DATA:

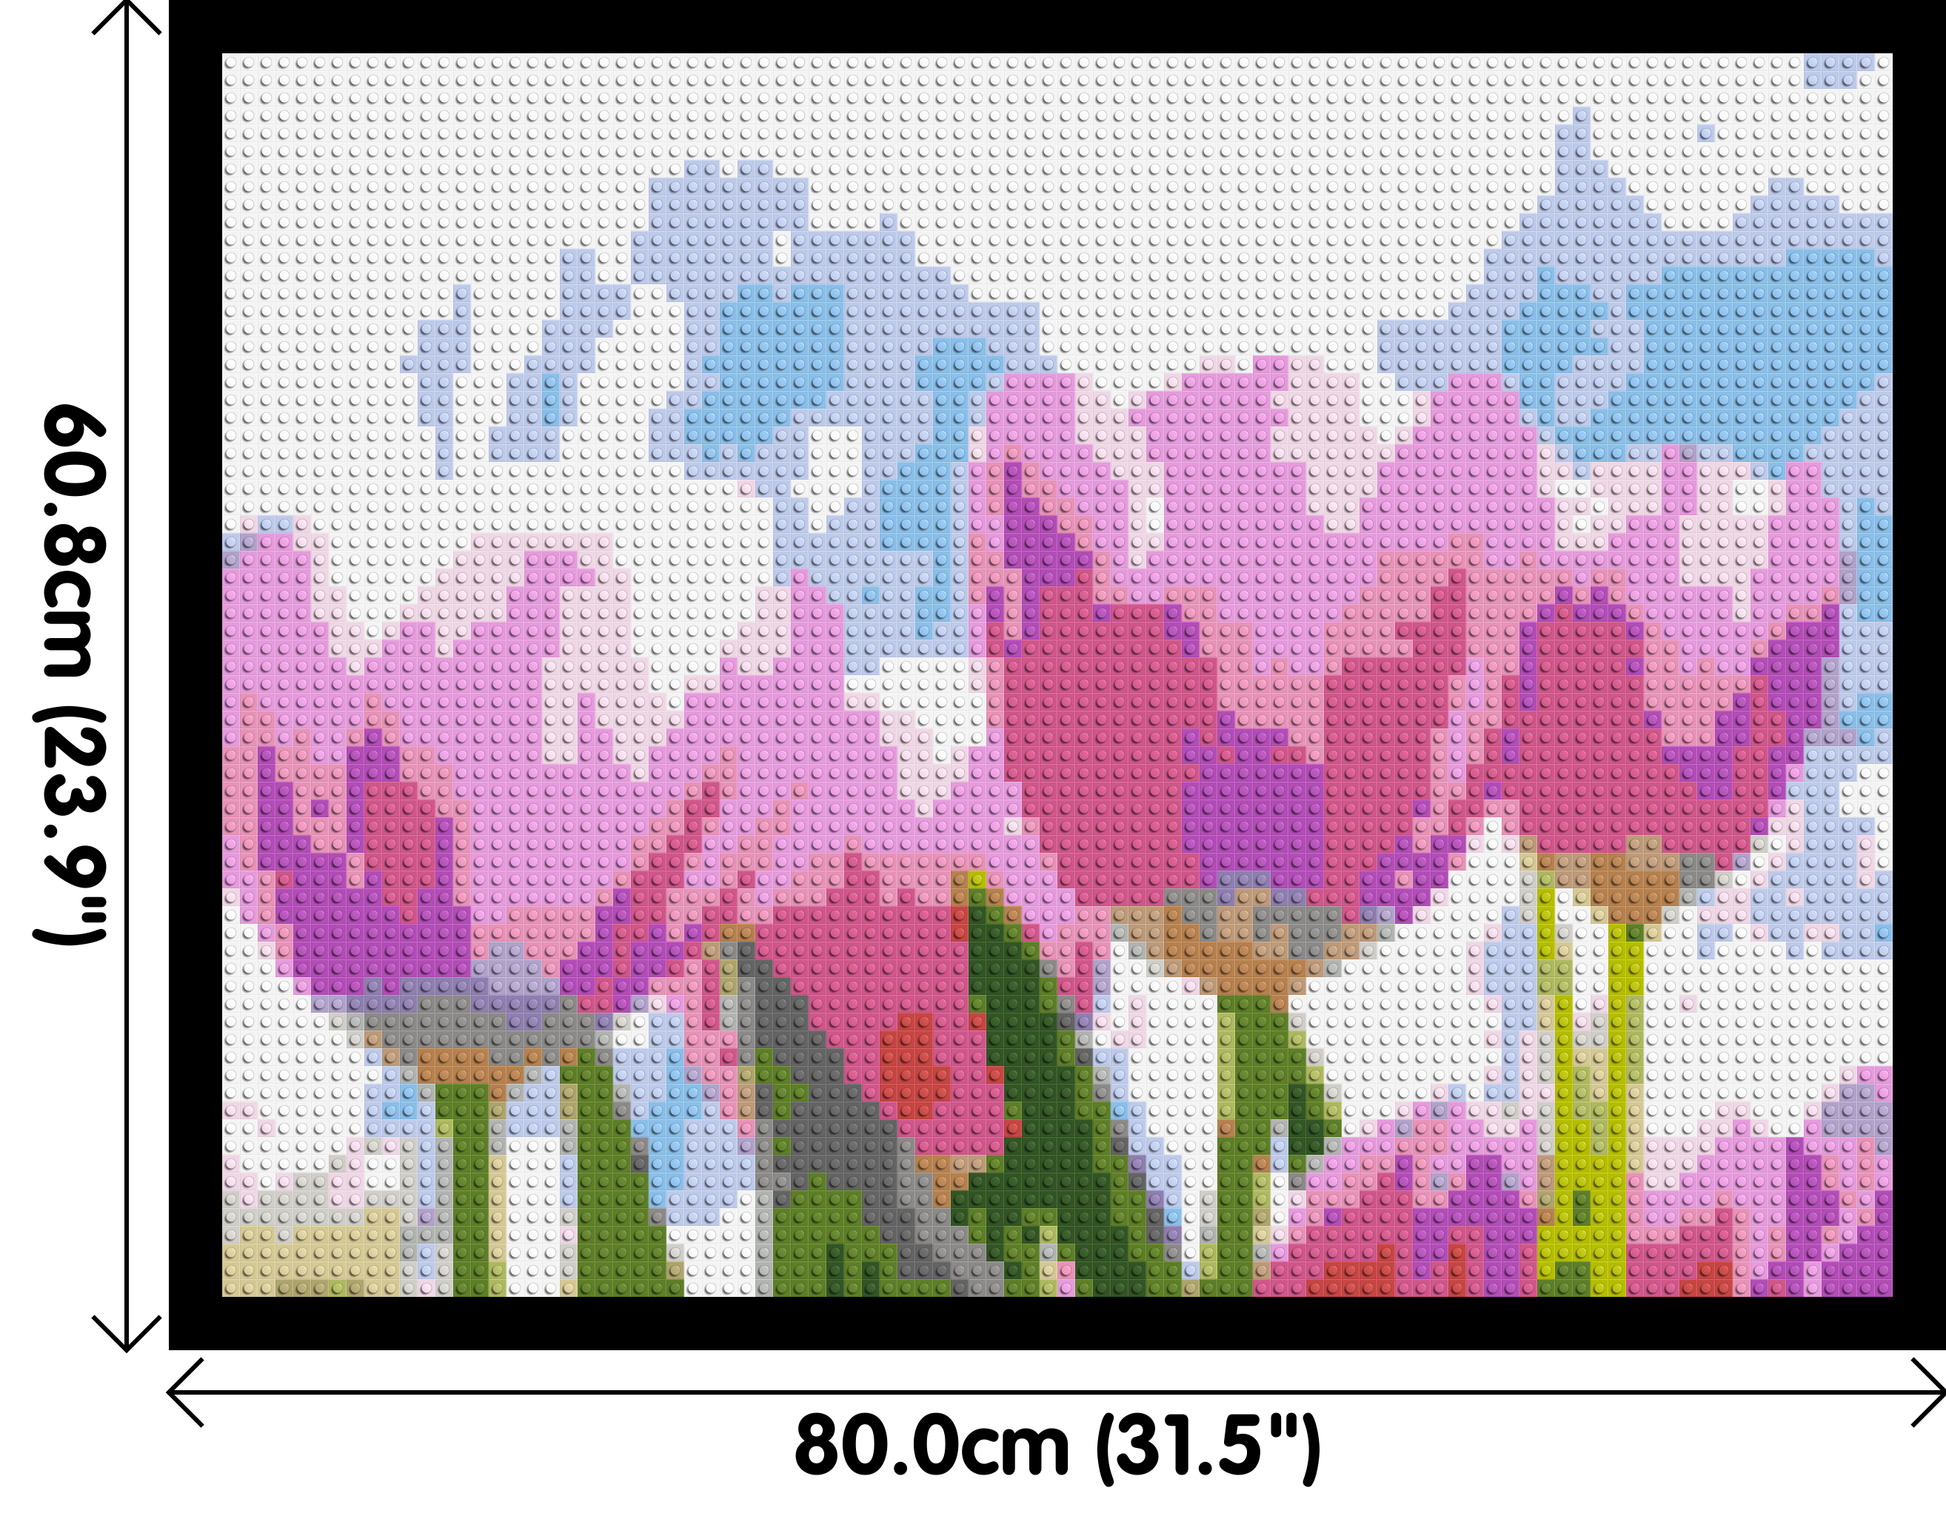 Pink Tulips - Brick Art Mosaic Kit 4x3 dimensions with frame
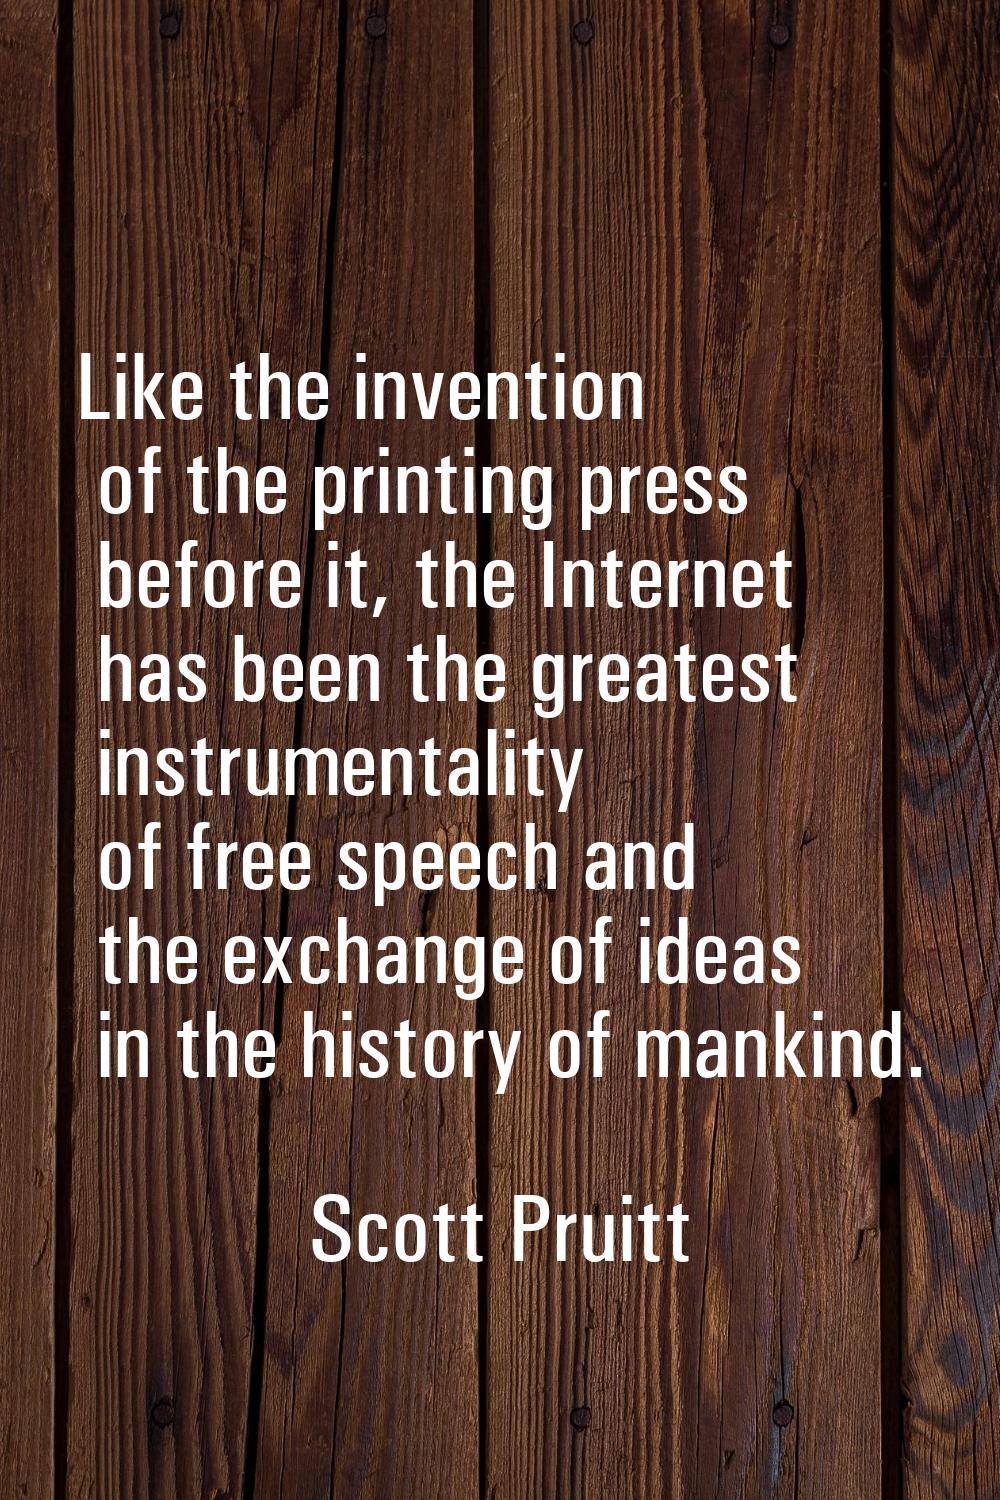 Like the invention of the printing press before it, the Internet has been the greatest instrumental
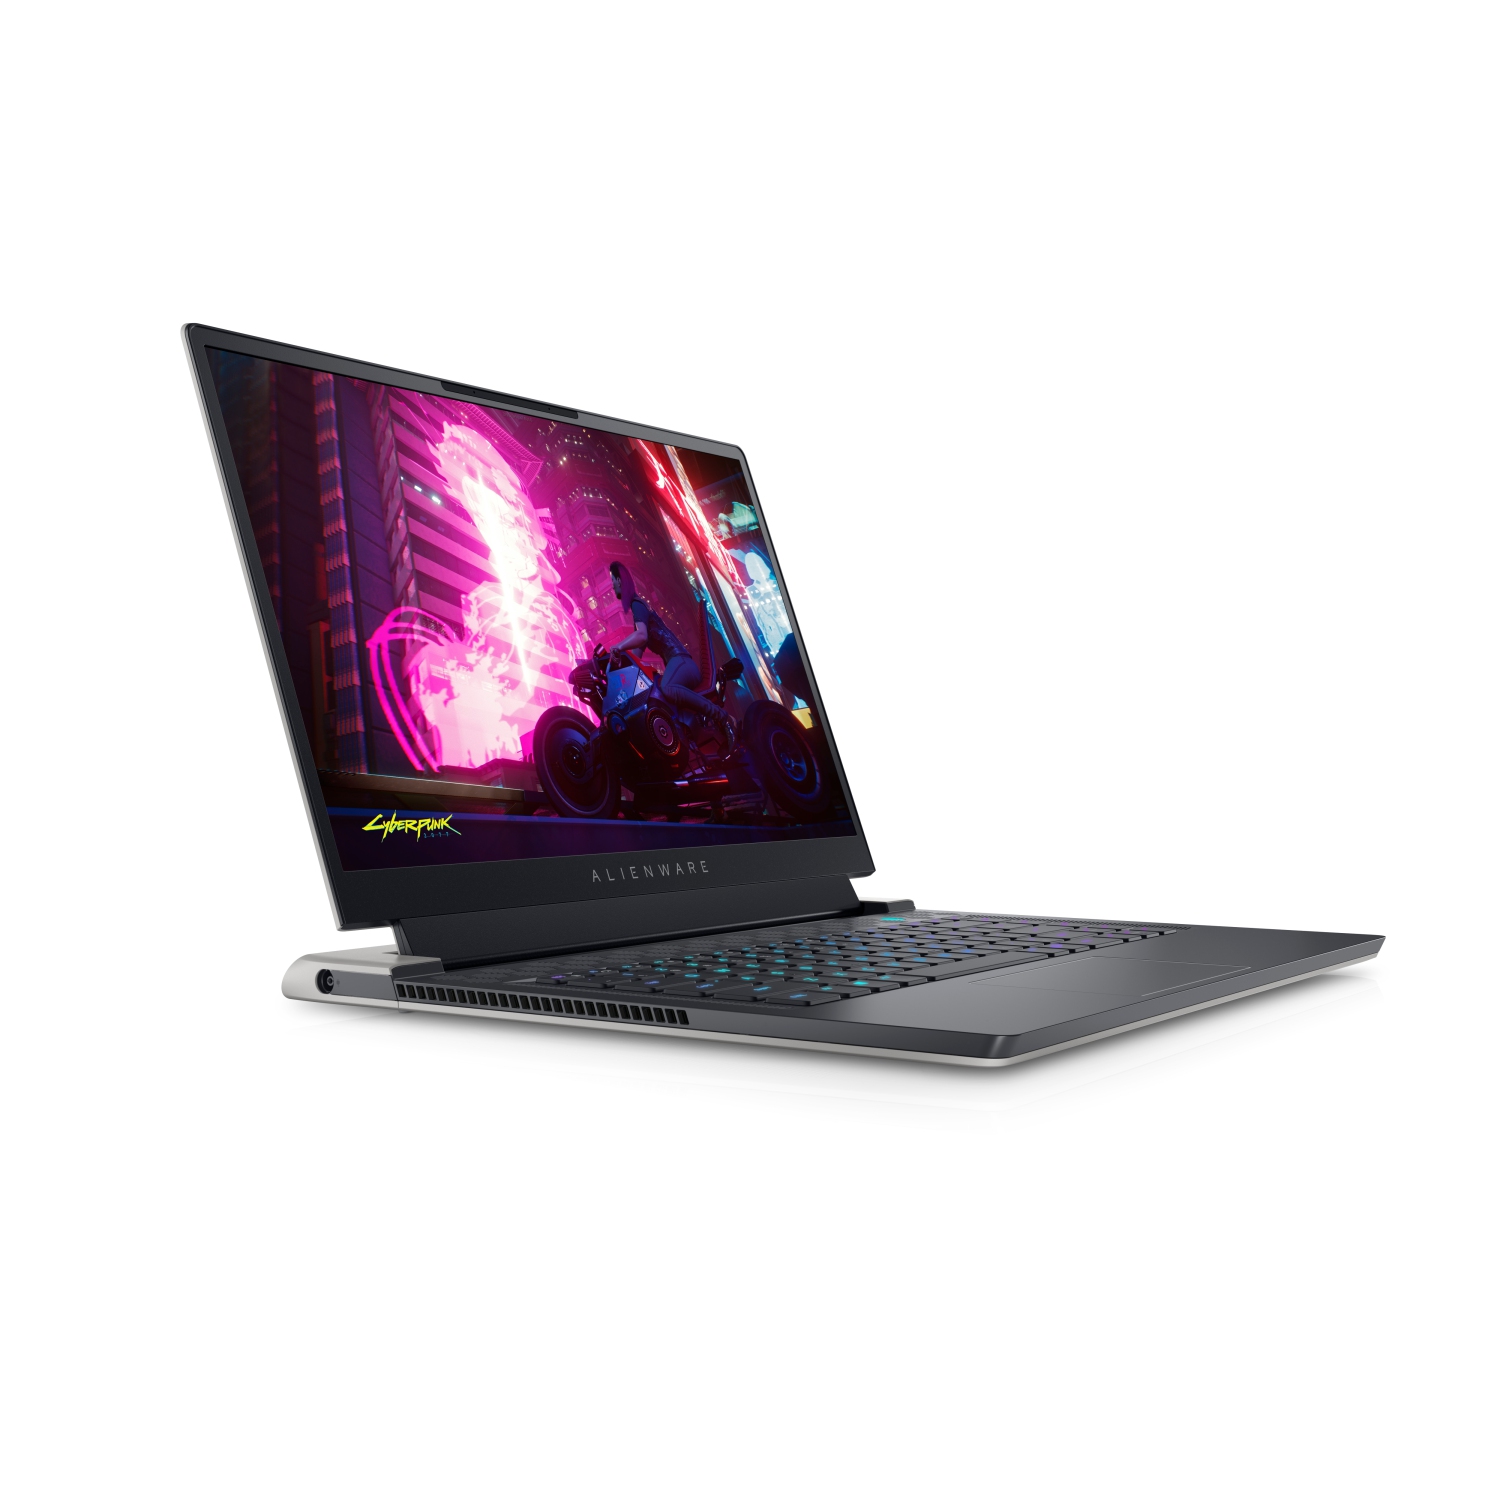 Refurbished (Excellent) - Dell Alienware X15 R1 Gaming Laptop (2021), 15.6" QHD, Core i7, 2TB SSD, 16GB RAM, RTX 3070, 8 Cores @ 4.6 GHz, 11th Gen CPU Certified

TASK DESCRIPTION:
Retype the lines starting with the one that holds "Like the invention" and ending with the last line of the data above, both included; skip the pictures.

COMPLETED TASK:
 Like the invention of the printing press before it, the Internet has been the greatest instrumental
 Refurbished (Excellent) - Dell Alienware X15 R1 Gaming Laptop (2021), 15.6" QHD, Core i7, 2TB SSD, 16GB RAM, RTX 3070, 8 Cores @ 4.6 GHz, 11th Gen CPU Certified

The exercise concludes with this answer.